Important gaps in knowledge are as follows:

• There seems to be a clear relationship between UGT1A1 genotype and severe neutropenia (and some evidence of a relationship with severe diarrhea), but there is no direct or indirect (chain of evidence) evidence to support the clinical utility of modifying an initial and/or subsequent dose of irinotecan in patients with metastatic CRC as a way to change the rate of adverse drug events (e.g., severe neutropenia).

• Even if adverse drug-related events were reduced, this risk reduction may come at the expense of a reduction in tumor responsiveness in *28 homozygotes, leading to an overall net harm.

• The data on the clinical validity of tests for UGT1A1 variants other than *28 are limited.

• The analytic validity of UGT1A1 testing in clinical practice is unknown. Laboratories offering such testing may include variants in addition to *28 for which little evidence is available.

• Pre- and postanalytic errors in UGT1A1 testing have not been reported, but the rate of such errors is likely to be similar to that reported for other genetic tests done in high-complexity laboratories.^41,42 A new external proficiency testing program jointly offered by the American College of Medical Genetics and the College of American Pathologists is likely to provide important evidence about the analytic validity of UGT1A1 testing in clinical settings.

• There are limited data on UGT1A1 variants in Hispanic and African American populations.

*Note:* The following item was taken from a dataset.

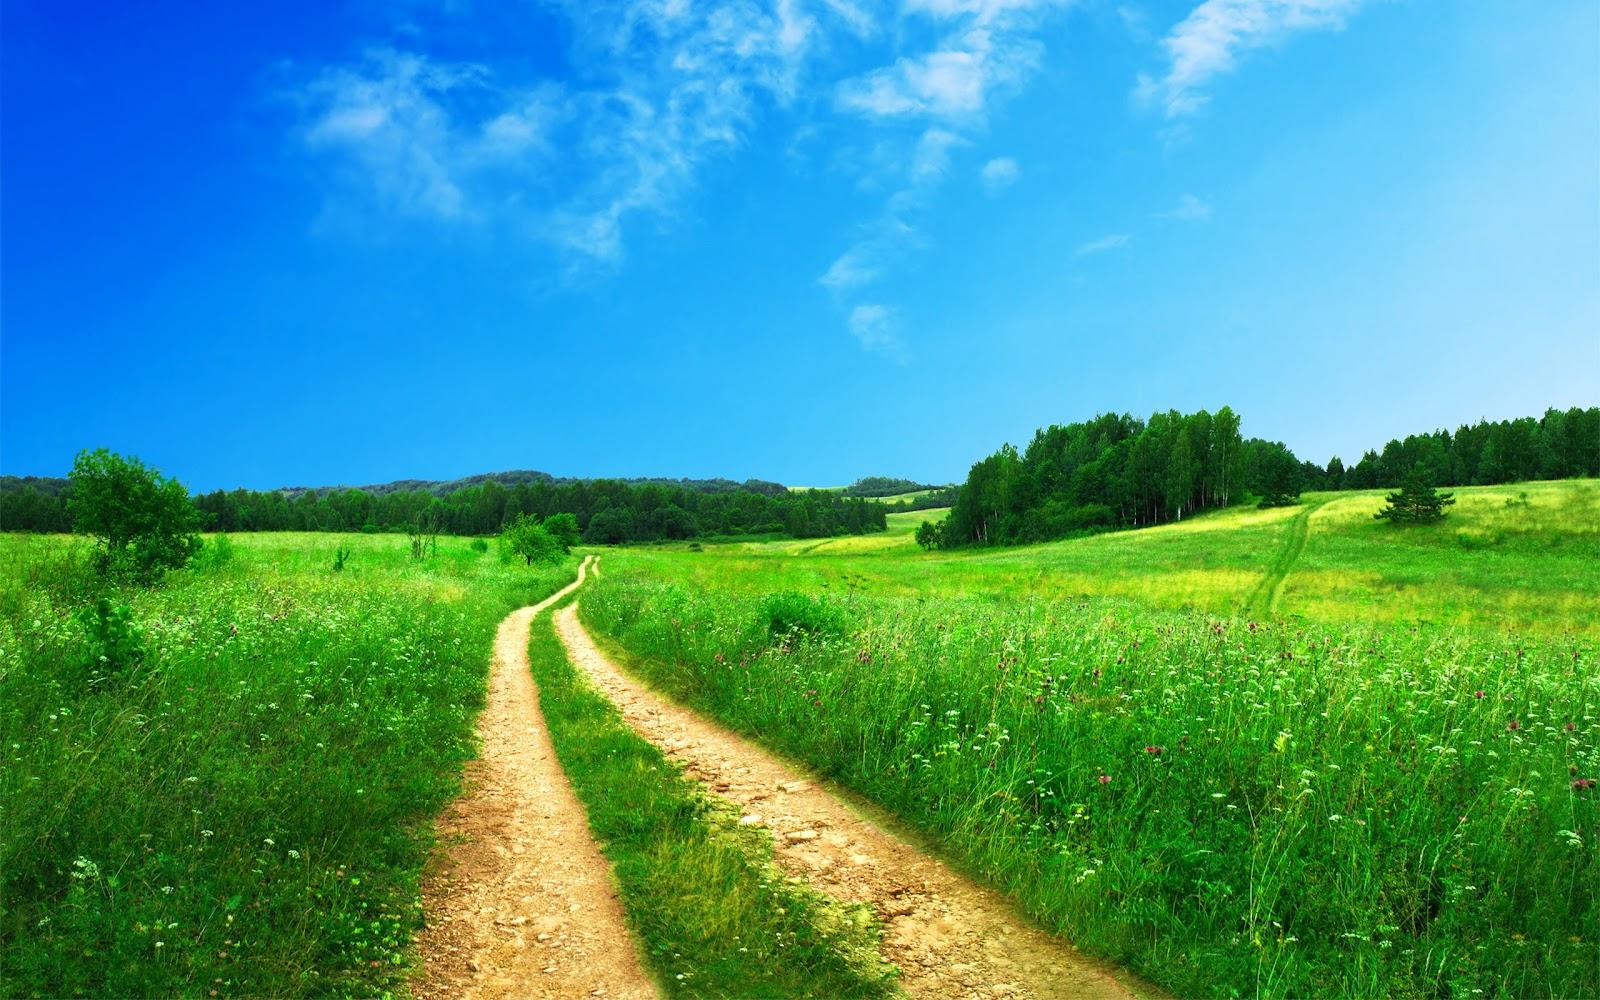 http://4.bp.blogspot.com/-lwsEheLyRIc/T4mpn3QkV7I/AAAAAAAAABA/9qKguHiUHKI/s1600/new-hd-natur-roads-nature-walpaper-laptop-desktop.jpg

• If UGT1A1 testing were recommended for routine use in clinical practice, additional studies would be needed to understand the potential effects of alleles that are rare in whites but more common in other racial/ethnic groups (e.g., *6 in Asians), and testing panels would need to include all variants of clinical significance in the population to be tested.

Research agenda

Analysis of data from the American College of Medical Genetics and College of American Pathologists proficiency testing program will provide needed information about the analytic validity of UGT1A1 tests offered for clinical use. However, additional studies concerning the clinical validity of tests for the less common UGT1A1 variants are needed. Given the rarity of these genotypes, these studies will need to include large numbers of subjects receiving treatment. This is feasible, however, because metastatic CRC is relatively common, as is chemotherapy with irinotecan. The most appropriate way to collect the evidence needed to document whether, or how, to modify irinotecan dosage for patients with particular UGT1A1 genotypes is to mount prospective studies (preferably including randomized trials) comparing outcomes among patients who receive targeted doses of irinotecan versus outcomes among those who receive doses currently recommended for all CRC patients. Such a study should be considered ethical, as it is not known whether the supposed benefits outweigh the possible harms. There are sufficient numbers of subjects for recruitment to be completed in a relatively short period of time.